==== MATERIAL PROVIDED ====

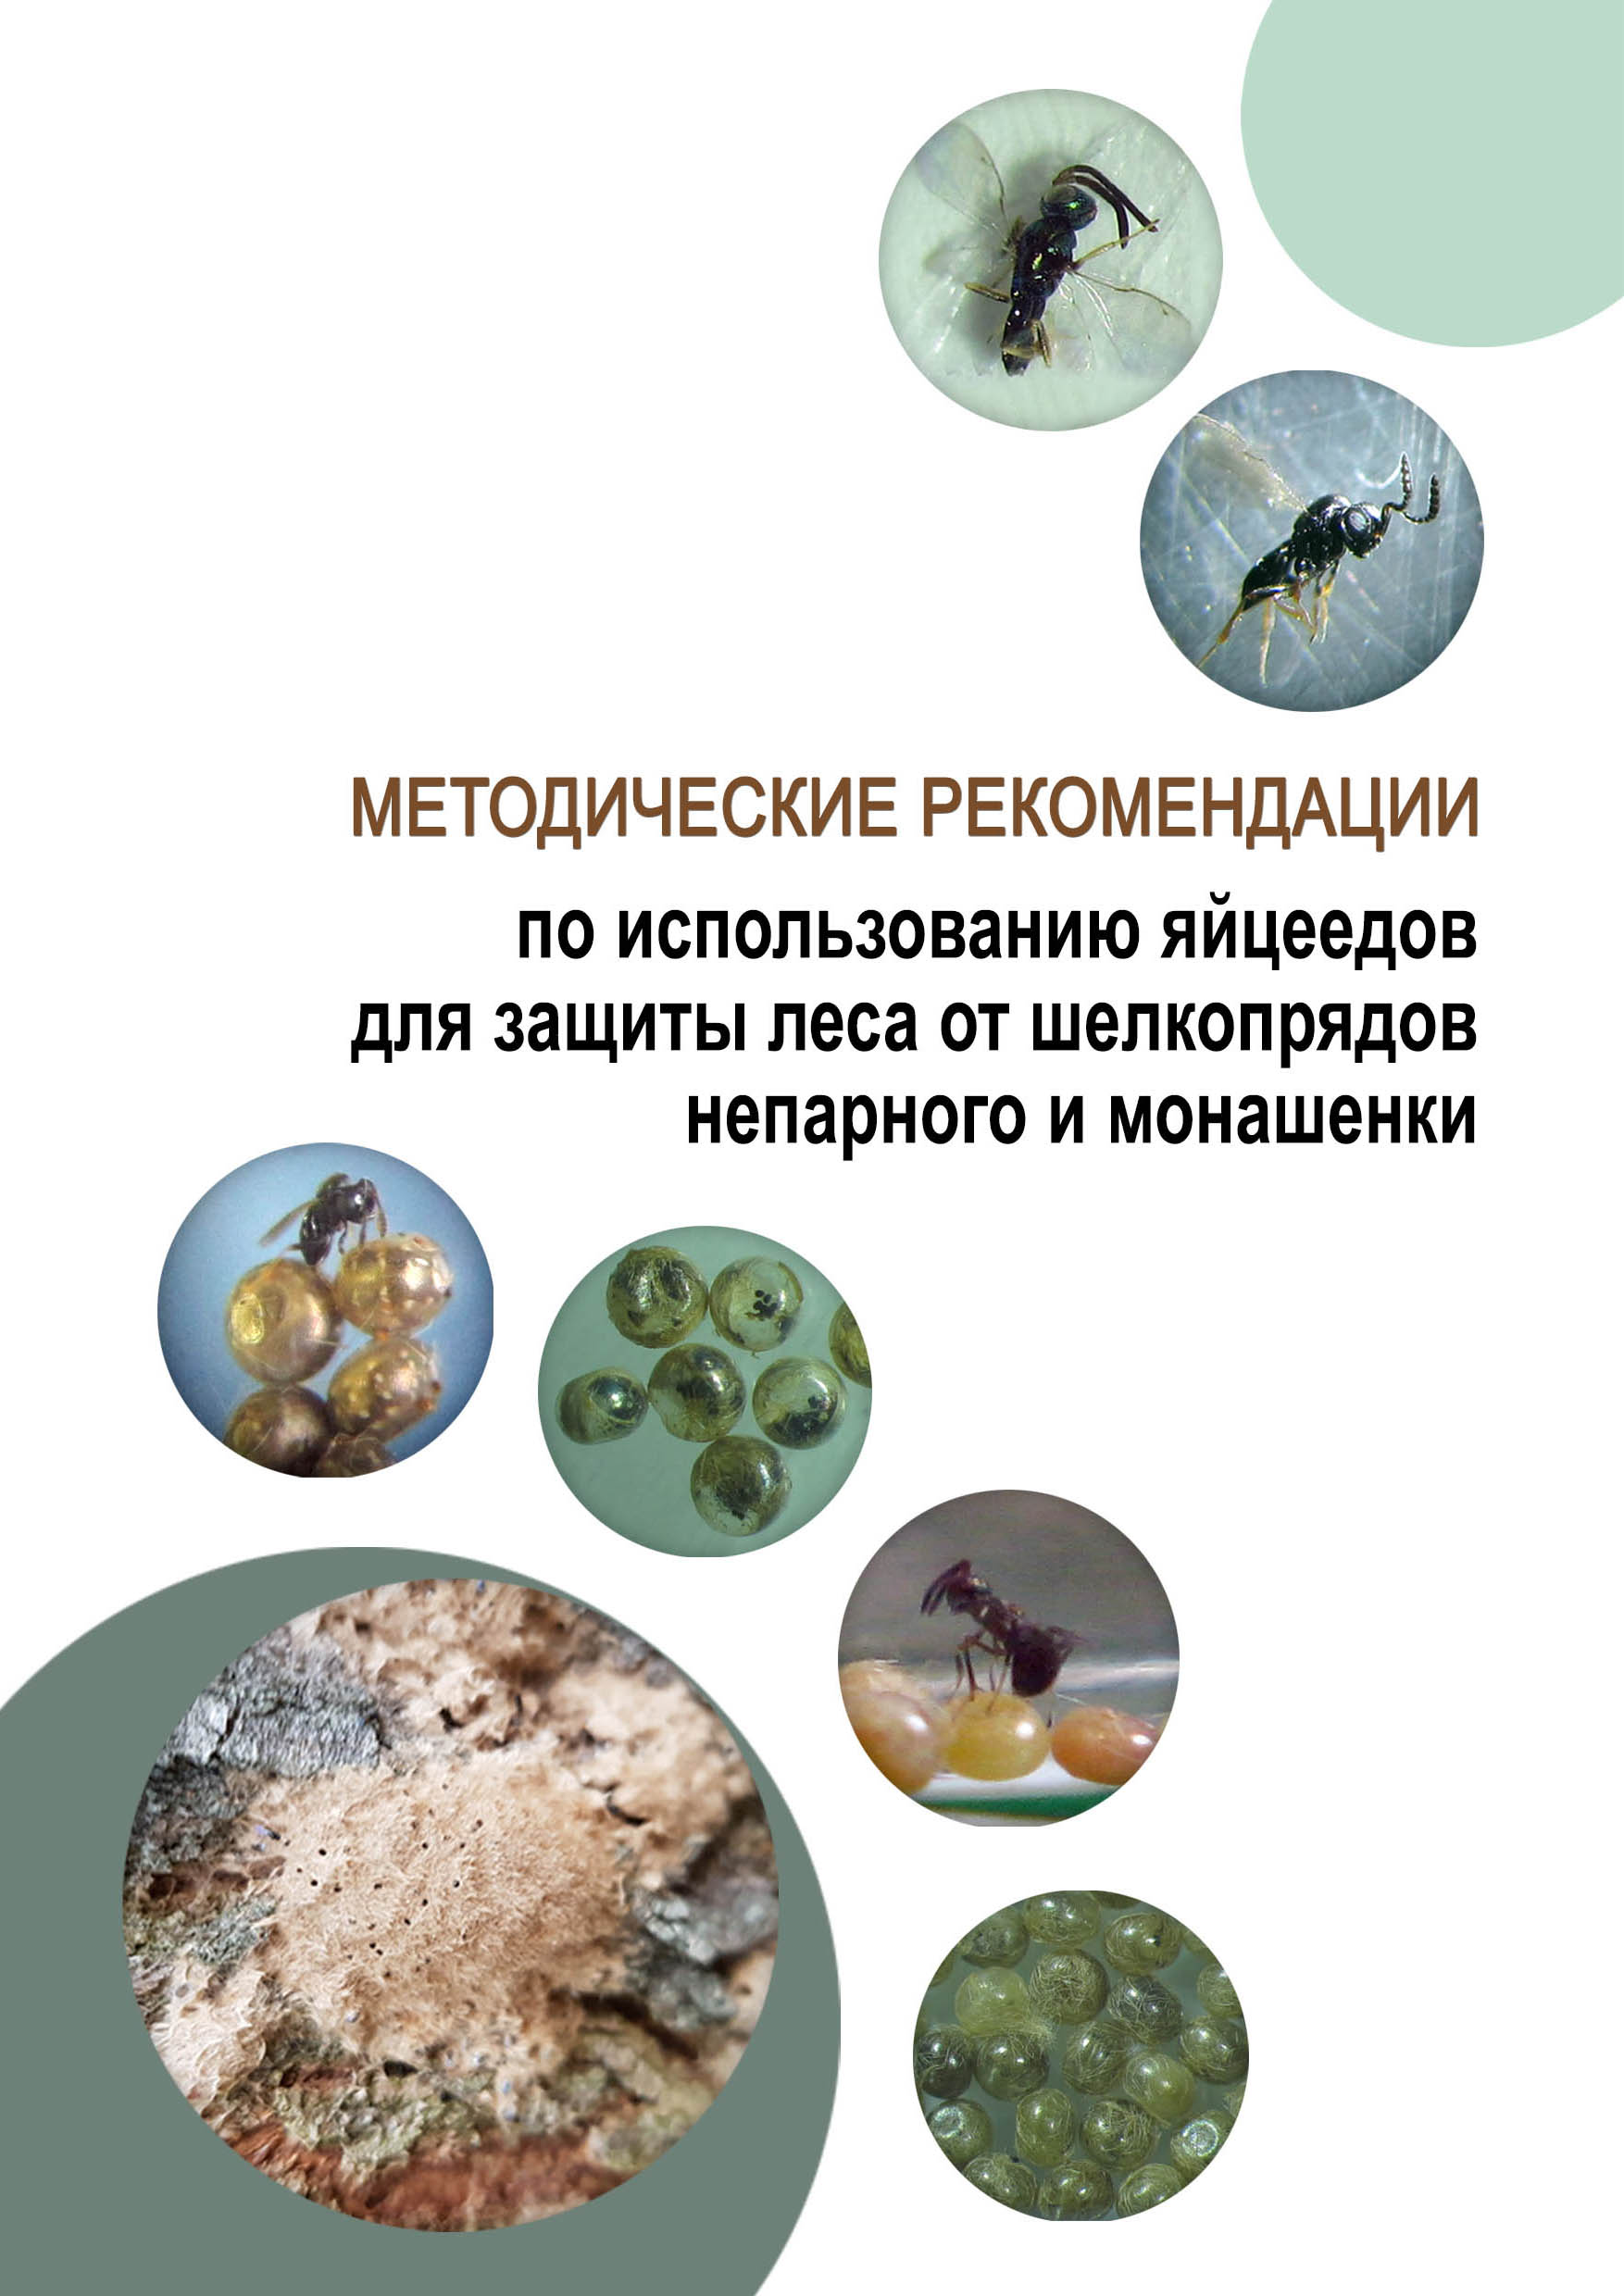 Методические рекомендации по использованию яйцеедов для защиты леса от шелкопрядов непарного и монашенки
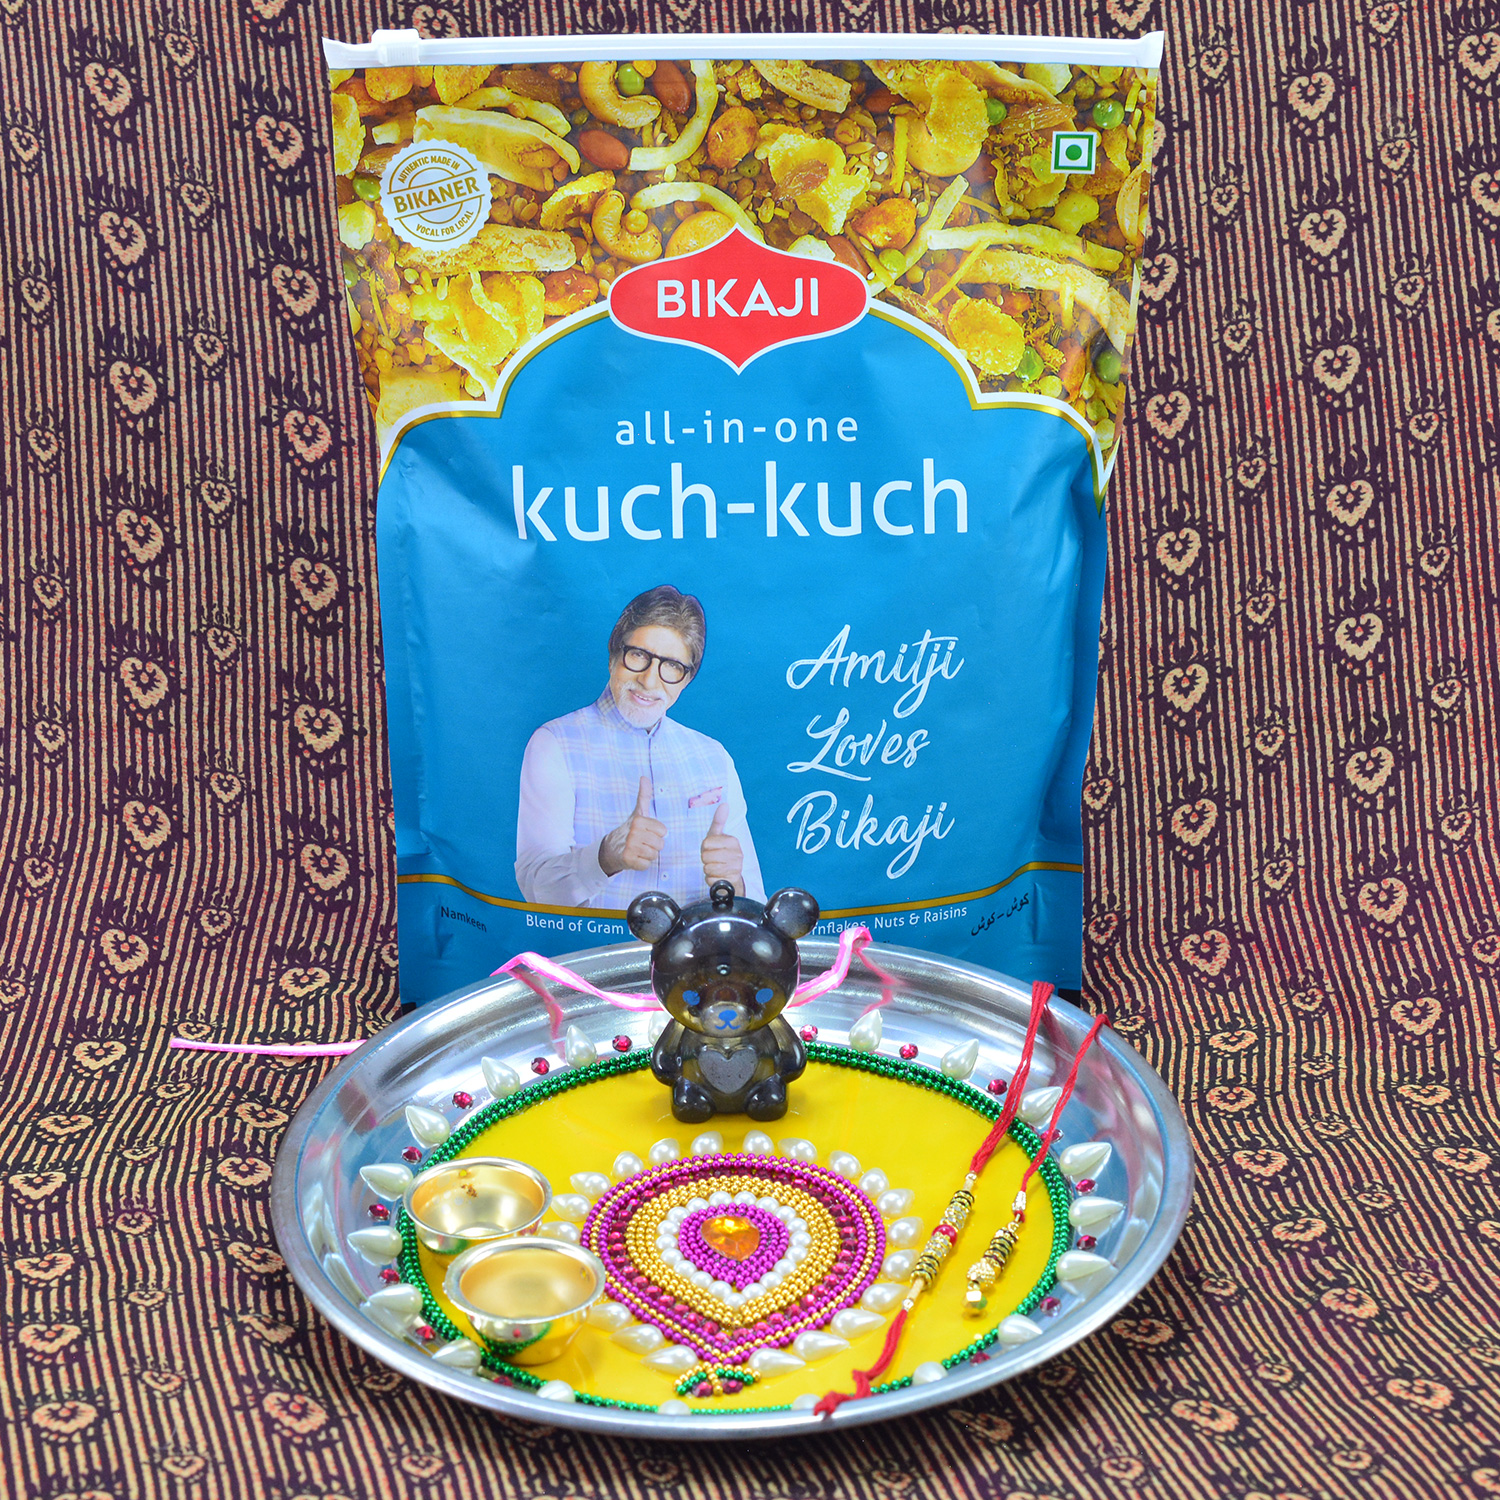 Bikaji Mixure Namkeen of All in One Kuch Kuch with Leaf Design Heavy Work Rakhi Puja Thali
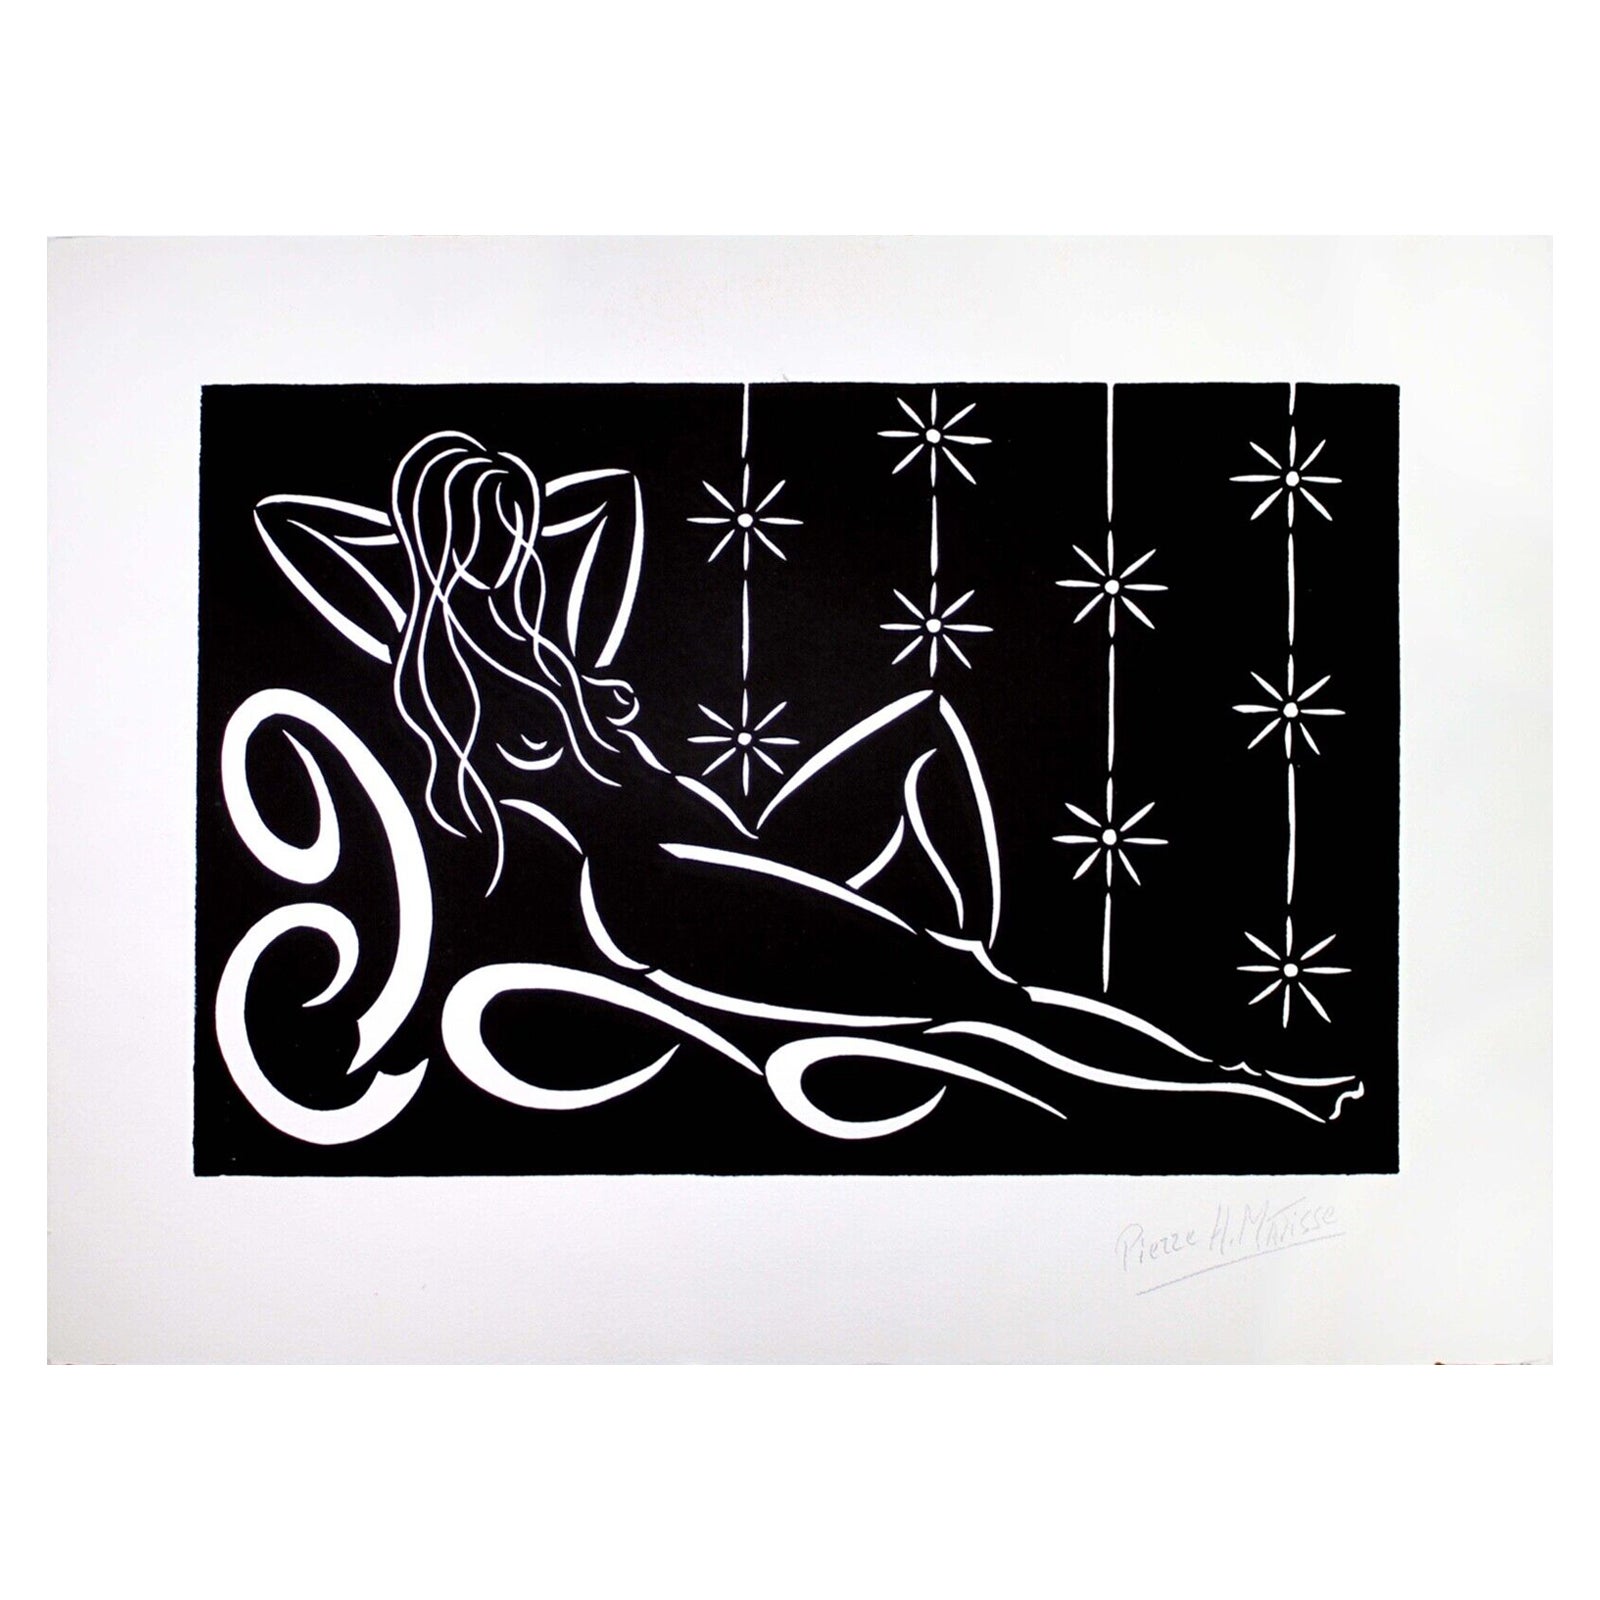 Pierre Henri Matisse, Liegesessel, Akt, signiert, modern, Linolschnitt auf Papier, ungerahmt, 2016

====

# ASSIGNED TASK:
Your response must consist of the material above, reproduced word for word, with the images omitted.

# RESULT:
 Методические рекомендации по использованию яйцеедов для защиты леса от шелкопрядов непарного и монашенки
 Bikaji Mixure Namkeen of All in One Kuch Kuch with Leaf Design Heavy Work Rakhi Puja Thali
 Pierre Henri Matisse, Liegesessel, Akt, signiert, modern, Linolschnitt auf Papier, ungerahmt, 2016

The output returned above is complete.